> Directions for this task
All of the data is to be written out again exactly, without the pictures.

> Data segment
________________________________________
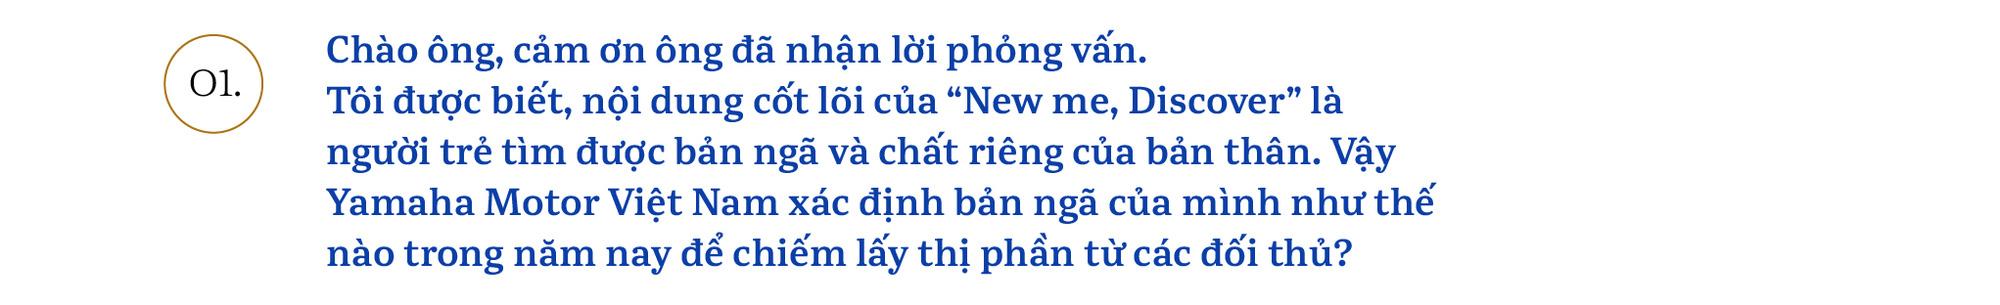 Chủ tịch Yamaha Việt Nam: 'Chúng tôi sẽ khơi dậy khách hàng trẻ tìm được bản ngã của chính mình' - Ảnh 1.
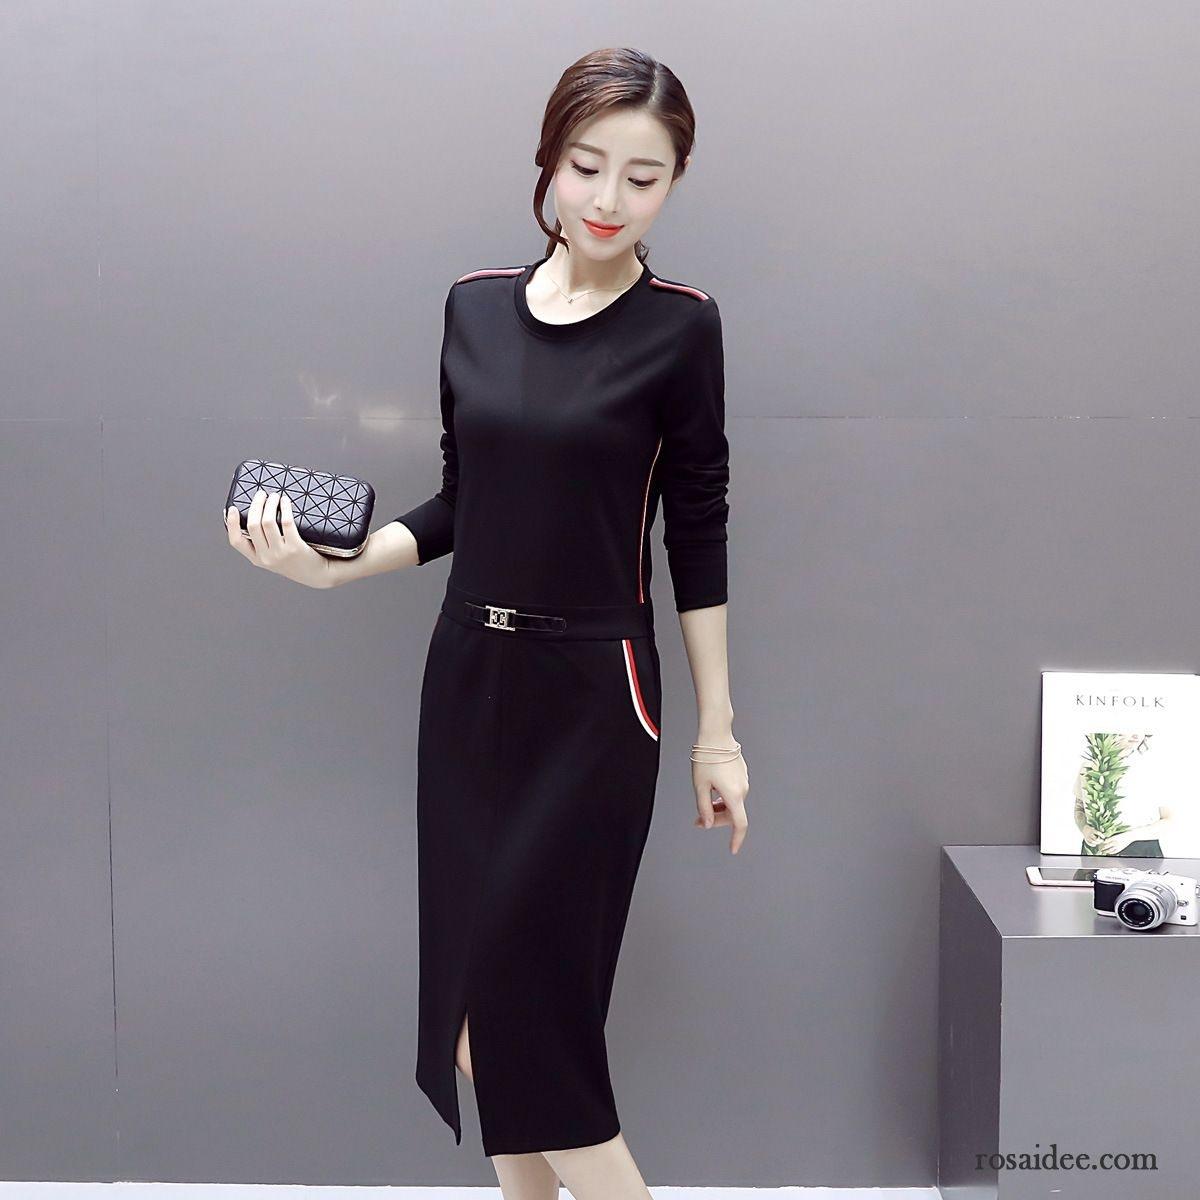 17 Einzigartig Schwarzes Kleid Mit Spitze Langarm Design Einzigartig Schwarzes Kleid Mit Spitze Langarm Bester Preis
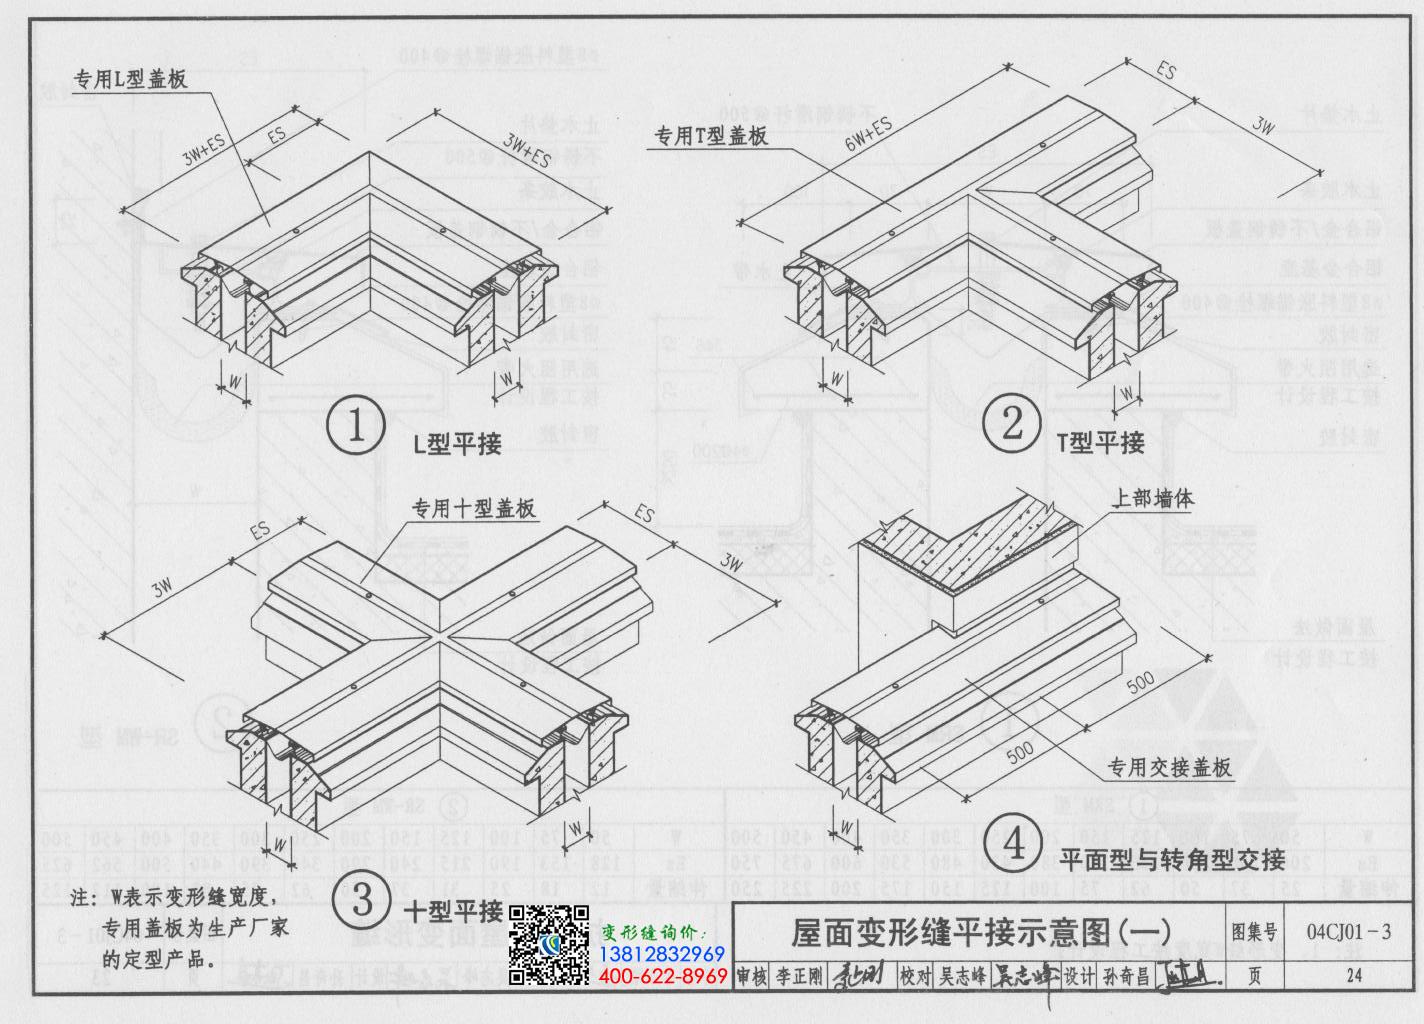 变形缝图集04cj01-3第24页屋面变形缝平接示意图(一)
________________________________________
> Reply to the task
 Chủ tịch Yamaha Việt Nam: 'Chúng tôi sẽ khơi dậy khách hàng trẻ tìm được bản ngã của chính mình' - Ảnh 1.
 17 Einzigartig Schwarzes Kleid Mit Spitze Langarm Design Einzigartig Schwarzes Kleid Mit Spitze Langarm Bester Preis
 变形缝图集04cj01-3第24页屋面变形缝平接示意图(一)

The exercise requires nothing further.